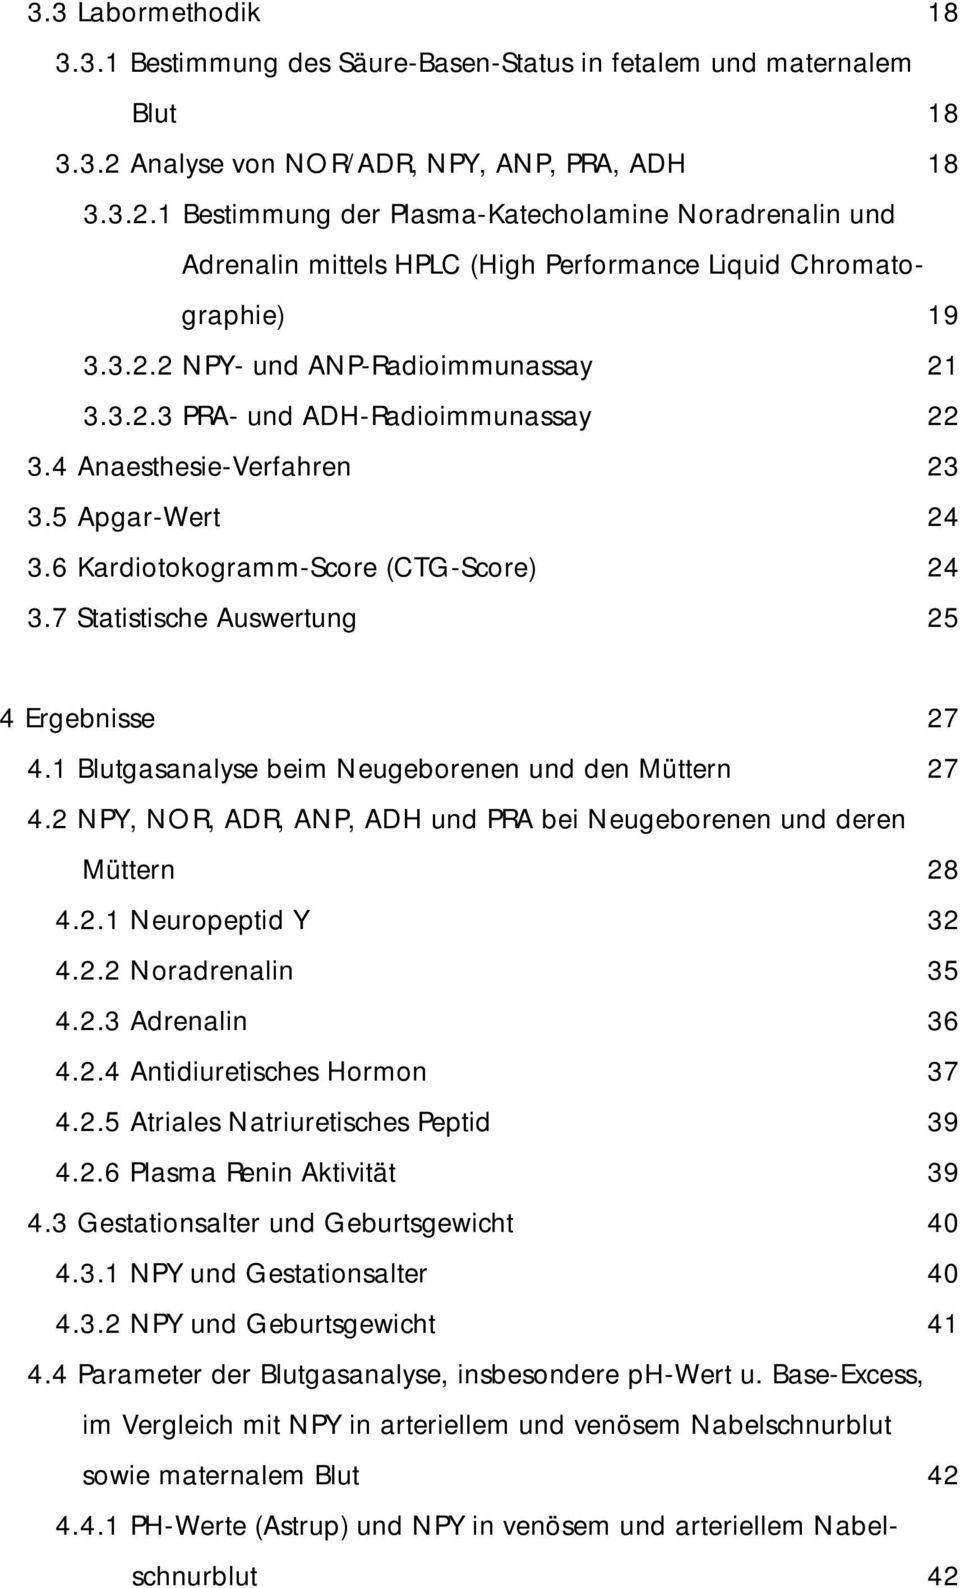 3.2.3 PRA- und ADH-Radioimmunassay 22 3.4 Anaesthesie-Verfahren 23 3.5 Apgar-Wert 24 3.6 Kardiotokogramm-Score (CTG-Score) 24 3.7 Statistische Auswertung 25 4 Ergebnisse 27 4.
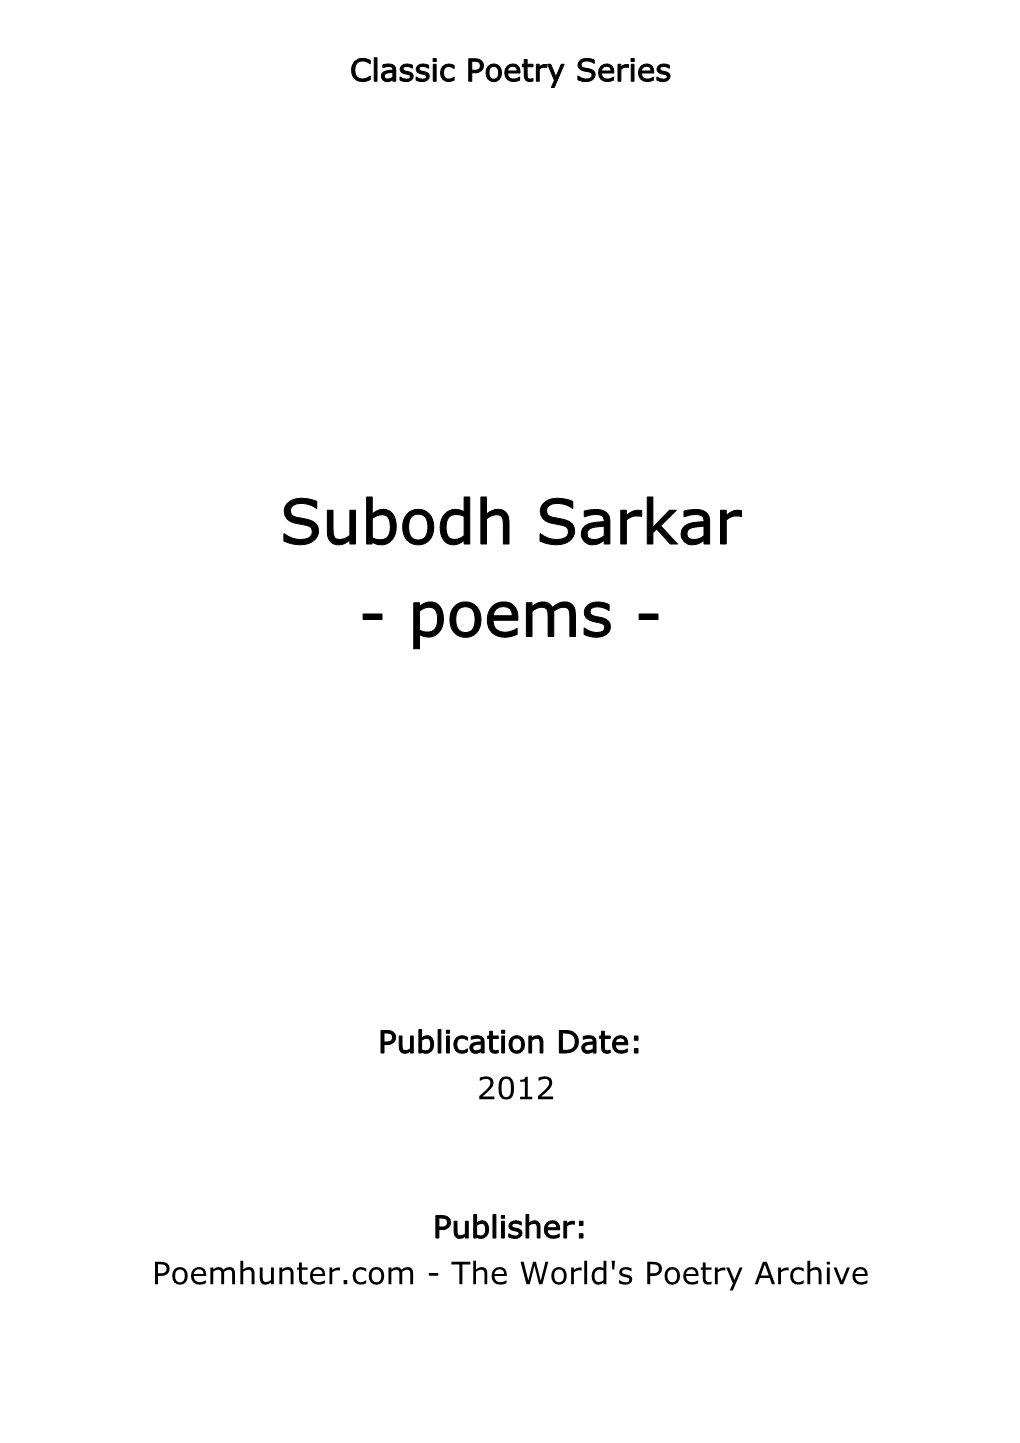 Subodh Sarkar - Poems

...

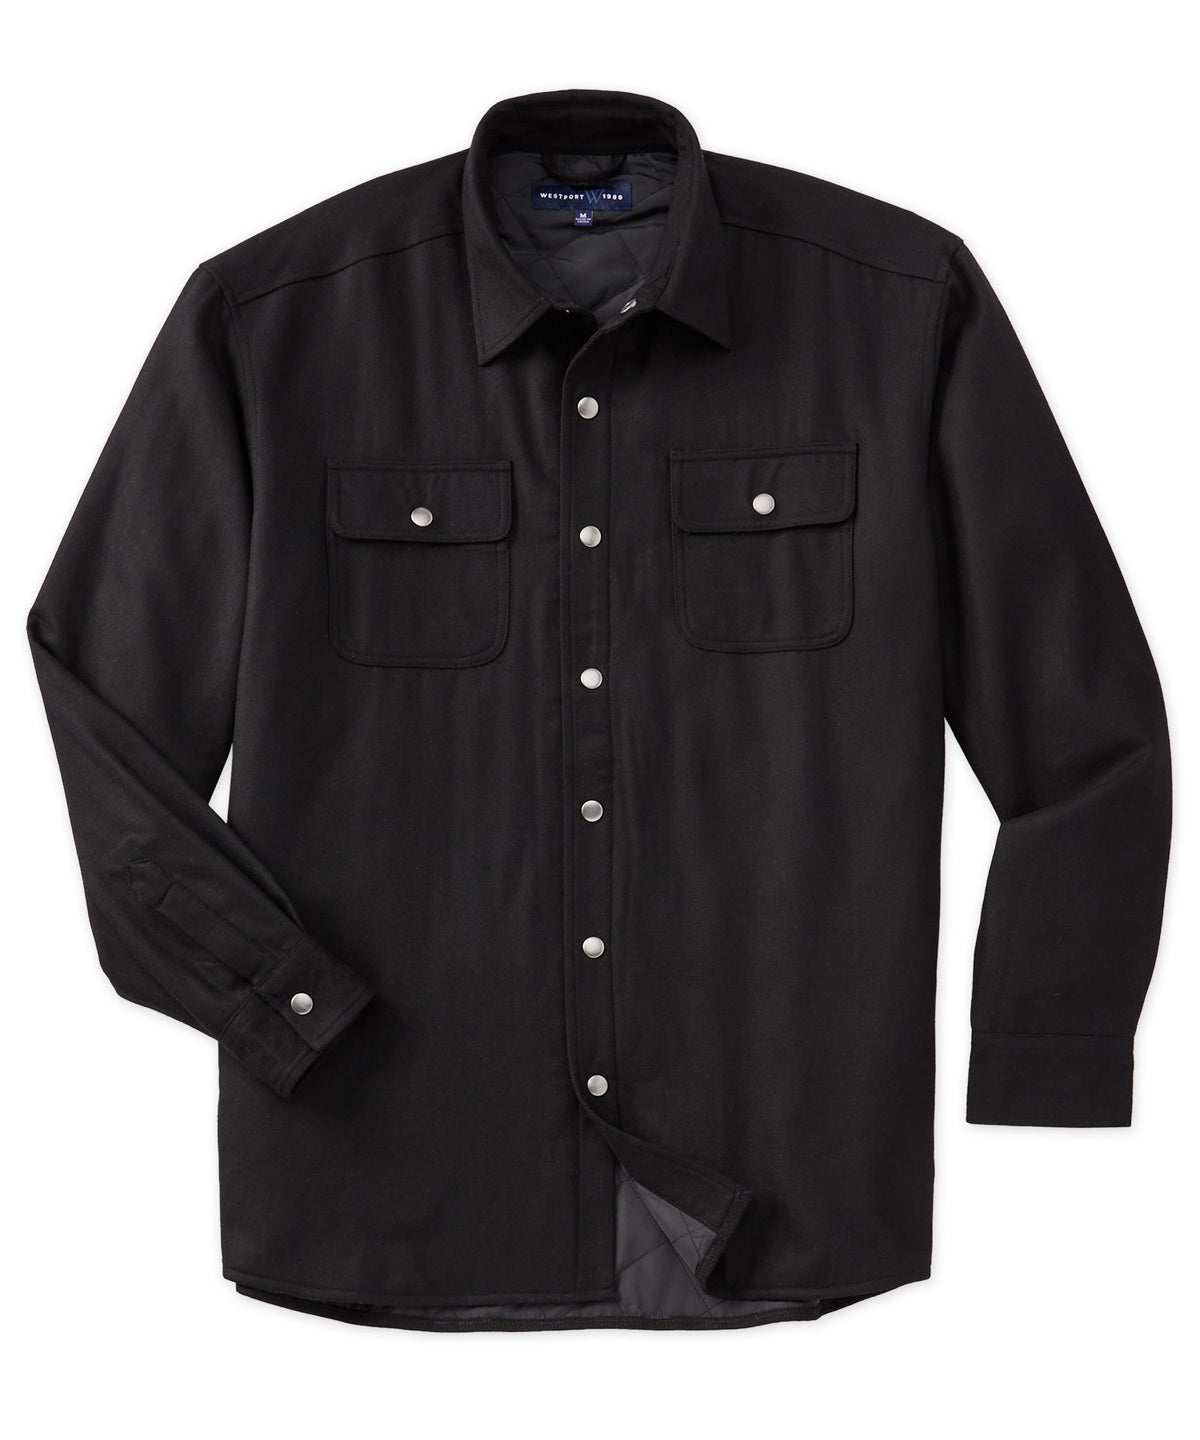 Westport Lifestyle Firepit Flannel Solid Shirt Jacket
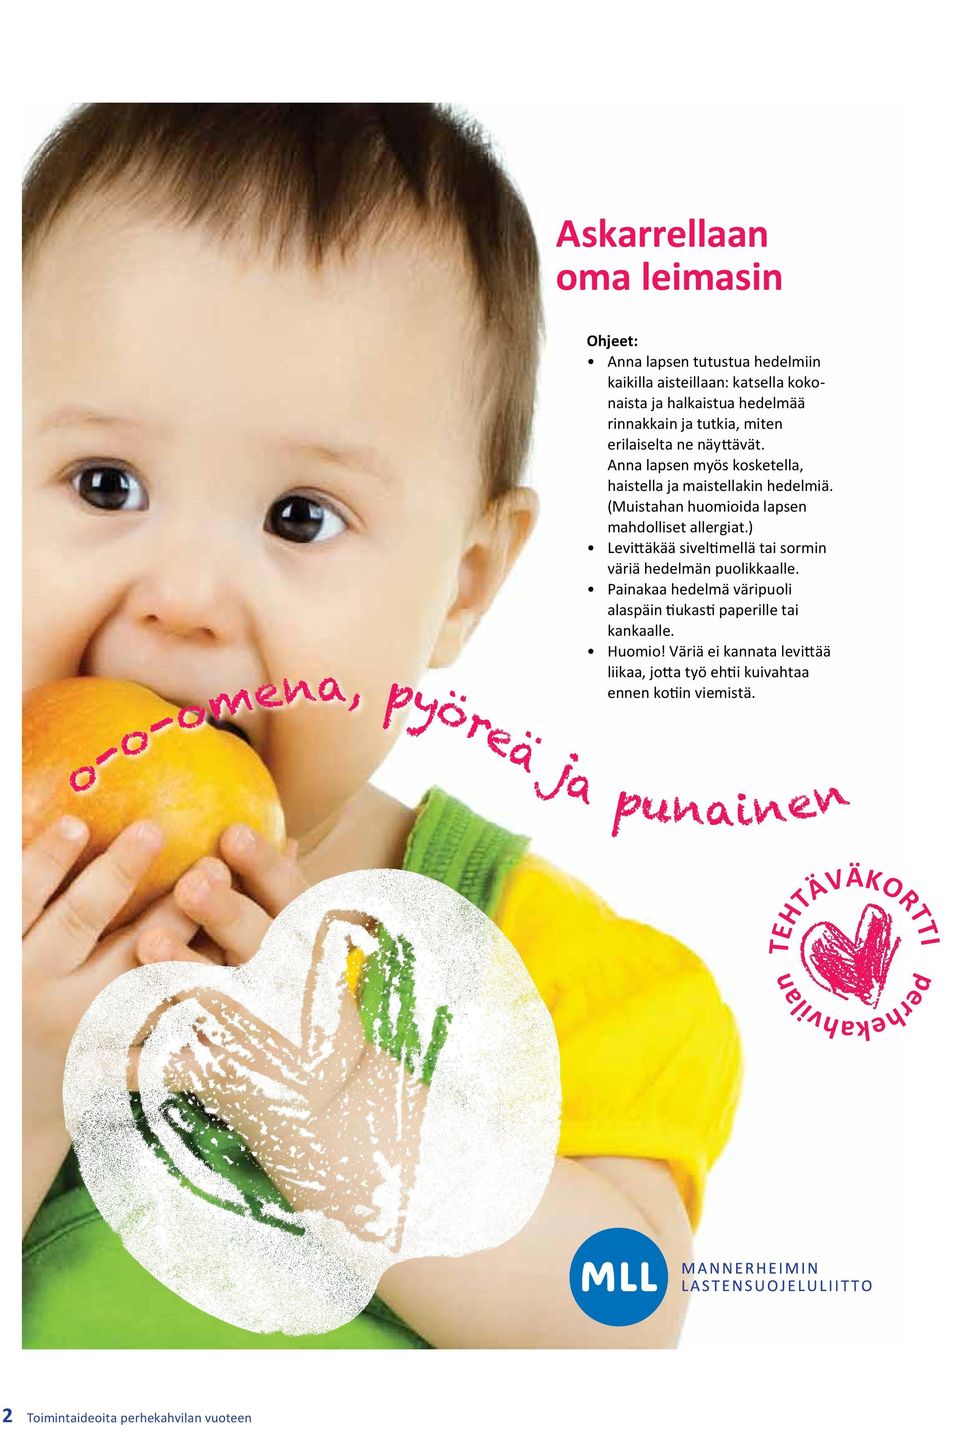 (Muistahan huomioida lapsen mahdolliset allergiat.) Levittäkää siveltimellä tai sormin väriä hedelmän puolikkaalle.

▶ [What to work on]: Starting at the line above that has "3.2.3 PRA- und" and ending at the line that has "Subodh Sarkar - Poems", copy each line exactly, leaving the pictures out and adding nothing.

▶ [Reply]:
 3.2.3 PRA- und ADH-Radioimmunassay 22 3.4 Anaesthesie-Verfahren 23 3.5 Apgar-Wert 24 3.6 Kardiotokogramm-Score (CTG-Score) 24 3.7 Statistische Auswertung 25 4 Ergebnisse 27 4.
 Subodh Sarkar - Poems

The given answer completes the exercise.